- Artist: Giorgio de Chirico
- Year: 1914
- Catalogue: 80419
- Medium: Oil on canvas
- Dimensions: 73 cm × 59.1 cm (28+3⁄4 in × 23+3⁄8 in)
- Location: Museum of Modern Art, New York
- Accession: 950.1979

= The Song of Love =

1914 painting by Giorgio de Chirico

The Song of Love (also known as Le chant d'amour or Love Song) is a 1914 painting by Italian metaphysical painter Giorgio de Chirico. It is one of the most famous works by Chirico and an early example of his pre-surrealist style, though it was painted ten years before the movement was "founded" by André Breton in 1924.

It depicts an outdoor architectural setting similar to other works by Chirico at this time.
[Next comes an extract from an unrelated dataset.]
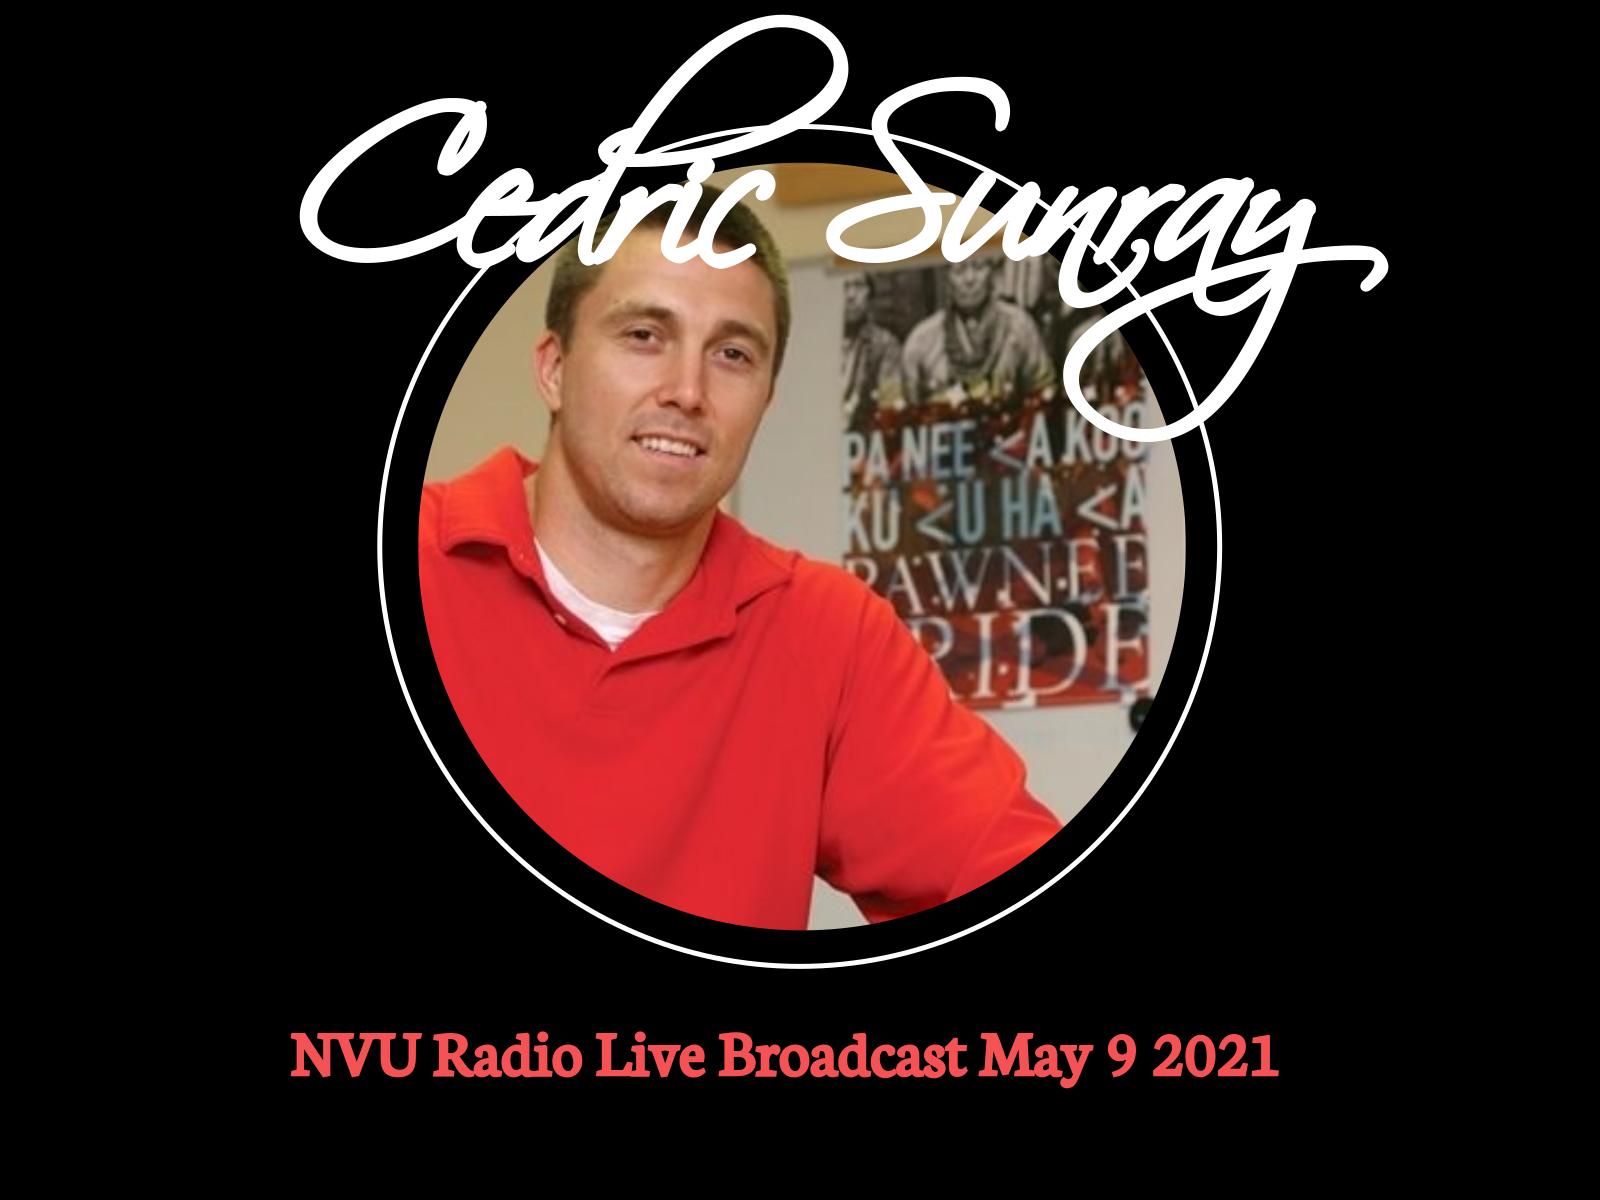 Cedric Sunray LIVE NVU Radio

This time however, the main focus is a small wall on which is mounted a Greek sculpted head and a surgeon's glove. Below it is a green ball. On the horizon is the outline of a locomotive, an image that recurs several times during this period of Chirico's career and that has been interpreted as a symbol of de Chirico’s father, an engineer who was involved in the planning of railroad lines in Greece.
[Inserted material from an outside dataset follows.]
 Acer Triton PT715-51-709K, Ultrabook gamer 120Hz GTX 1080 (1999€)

==Metaphysical art movement==
The metaphysical art movement was created by Chirico and Carlo Carrà, who had previously been a futurist. These paintings would depict Italian city squares that are unnaturally devoid of people. These city squares would often include a grouping of objects that provide a strange juxtaposition. With these driving elements in his paintings, Chirico created a dreamlike reality that was beyond the physical world. Aspects like the strange grouping of objects in The Song of Love are what André Breton and the surrealists looked up to when organizing their movement. Though the actual art movement lasted only the six months Chirico and Carrà worked together, metaphysical art is the movement associated with all of Chirico's work after 1911.

==The painting==
Chirico presents a bust of a classical sculpture, a rubber ball, and a rubber glove on a canvas in between some buildings with a train passing by in a scene that spurs a sense of confusion. The bust could be a representation of Chirico's love of classical art and a disappearing age. Chirico uses the rubber glove as a mold of a hand that implies the void of human presence. The buildings set up a scene that is reminiscent of the cityscapes of Chirico's past.